One would think the U.S. dollar — the biggest short-term driver of gold prices — would inversely reflect that move, meaning the greenback fell precipitously in January and February, but that pullback cooled in March and April thus far. One would be wrong, however.
The fact of the matter is, the U.S. Dollar Index has continued to fall at the same steady pace of decline that was established in early December by that back-breaking plunge on Dec. 3. The dollar has tried to rebound a few times since then to no avail. It was just ready to finally take a turn for the worst.
It’s the dollar’s chart, in fact, that may well hold the key to near-term future for GLD and other gold-based trading instruments.
Click to Enlarge While the greenback has downward momentum (more than we’ve seen in years), it clearly has a major floor in the way as well. Indeed, the U.S. Dollar Index has a whole zone of support in front of it, from 93.20 to 94. The upper edge of that floor has already done a solid job of stopping the bleeding.
Ergo, the short-term outlook is simple enough — GLD will struggle to move any higher until the U.S. Dollar Index moves any lower.
While the U.S. dollar dictates where gold prices move in the near term, for the long haul, the ebb and flow of the U.S. dollar is a reflection of some of gold’s bigger fundamental forces. Namely, we’re talking about inflation and actual demand for the metal.
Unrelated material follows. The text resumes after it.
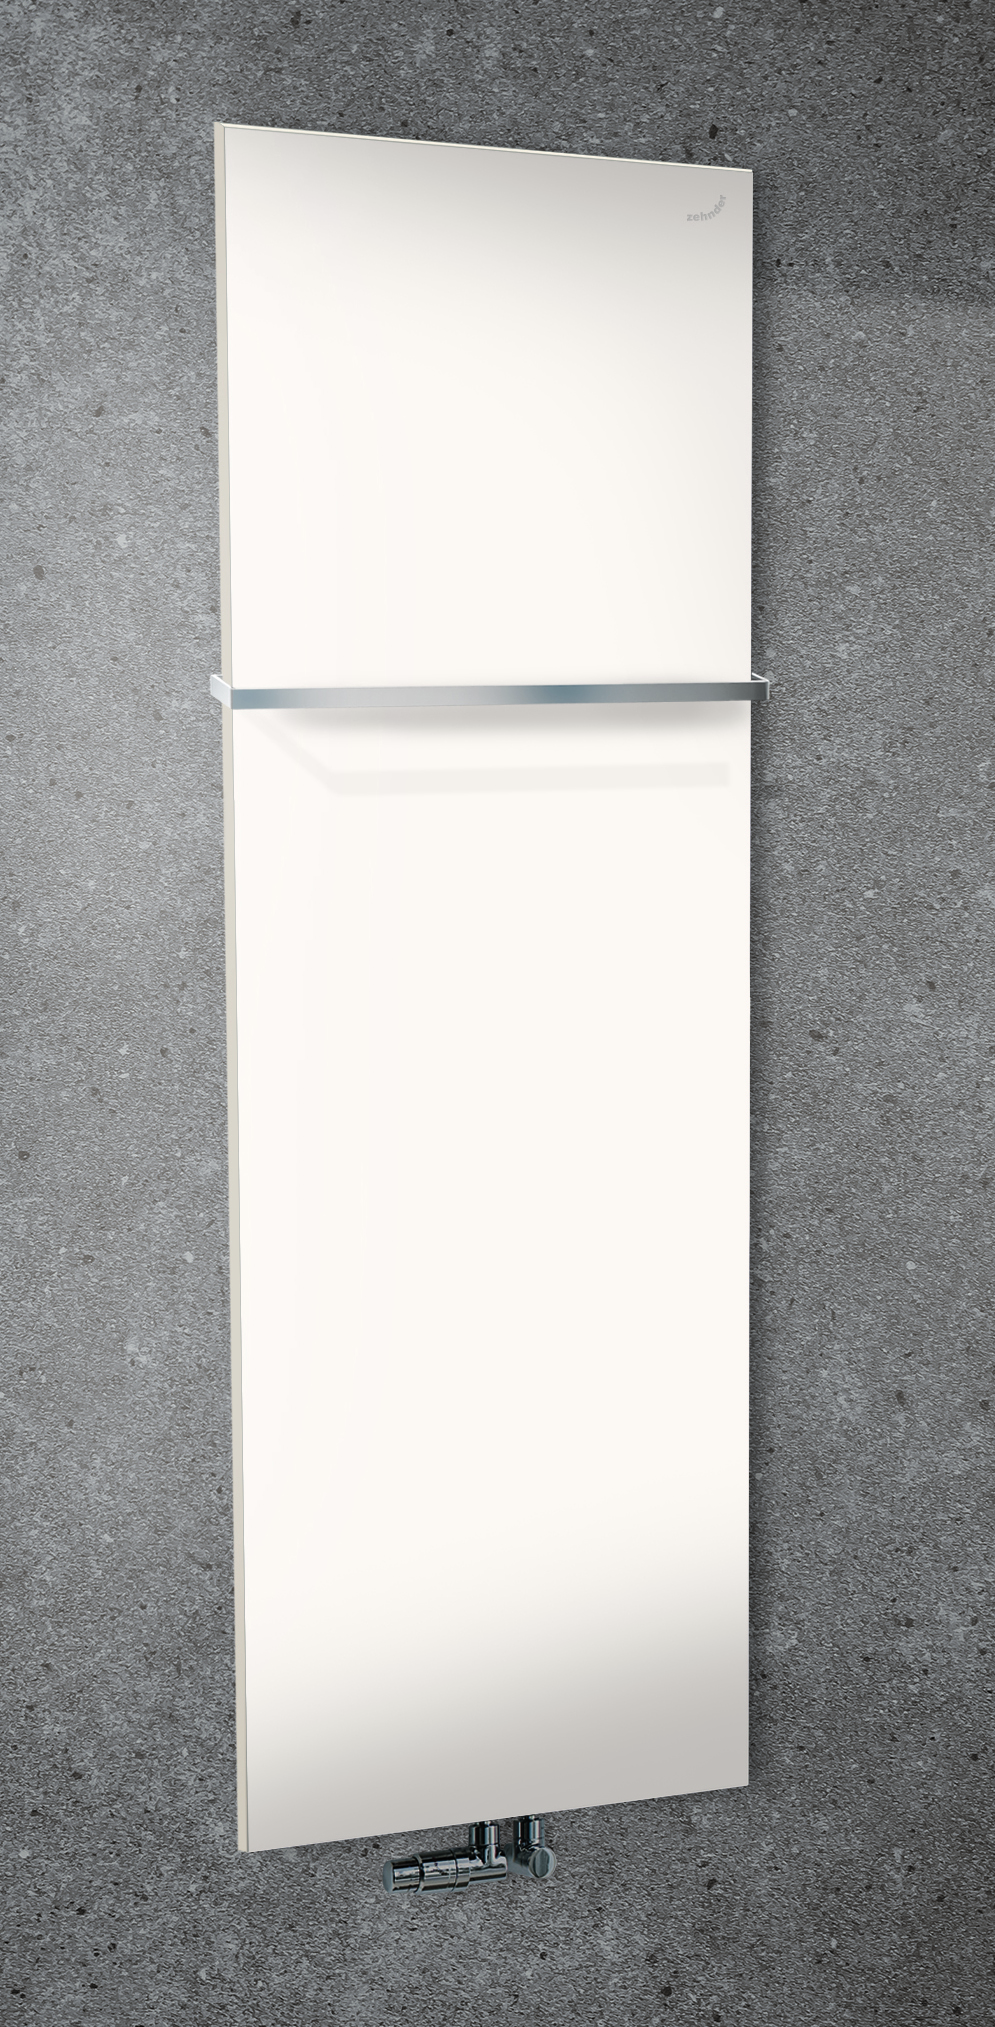 Zehnder Design-Heizkörper „Fina Lean Bar“ für Warmwasser-Zentralheizung mit 50 mm-Mittelanschluss 60 × 130 cm in Verkehrsweiß (RAL 9016, glänzend)

On the demand front, gold dealer and research provider BullionVault may have the best bead on the numbers, comparing real buying with real selling of the precious metal. As of March, the Gold Investor Index reached 53.8, matching November’s reading after logging a third higher low since the late-2014 low reading near 50.5. Anything above 50 is technically net-bullish, but the sheer shape of this chart (its broad upward push, to be specific) also indicates real demand continues to grow.
Click to Enlarge The other key dimension of gold prices — inflation — is also pointing toward higher gold prices.
One of the core reasons investors own gold is as a hedge against inflation; it tends to increase in value as inflation rates swell. That’s largely the reason gold prices and the values of ETFs like NUGT and GLD soared between 2008 and 2011 — uber-low interest rates were supposed to set up rampant price increases.
When by 2012 it became clear it just wasn’t going to happen, the long, painful unwinding of those gold trades began.
Well, real inflation may finally be upon us.
As of the latest look, the annualized consumer inflation rate stands at 0.85%. Stripping the effects of cheap oil out of the equation, though, the inflation rate moves up to 2.2%, topping the Fed’s target rate of 2%.
Click to Enlarge That’s still palatable, but perhaps not for long.
We’ve already seen oil prices lift slightly on the dollar’s modest demise. But if the U.S. Dollar Index does end up breaking below the aforementioned support level and starts a chain-reaction selloff, oil prices will surge.
This would spur overall inflation upward in a hurry, as the phase of dirt-cheap gasoline prices finally comes to a close in a big way.
Bottom Line for Gold Prices
While gold’s got some work to do to get out of its rut, the tide is pushing in a generally bullish direction. Inflation is in the making, demand for physical gold is strengthening and, sooner or later, the greenback will make a major move lower.
As for an upside target for GLD, with no other meaningful ceiling in place, the Fibonacci retracement line at $132.80 is the first best possibility. For gold futures, that’s $1384/ounce. If that one fails to contain the rally effort, the next plausible target is the next Fibonacci line at $153.00, or $1597/ounce for gold itself. First things first, however.
Just know it’s unlikely gold would get to either target in a straight line.
As of this writing, James Brumley did not hold a position in any of the aforementioned securities.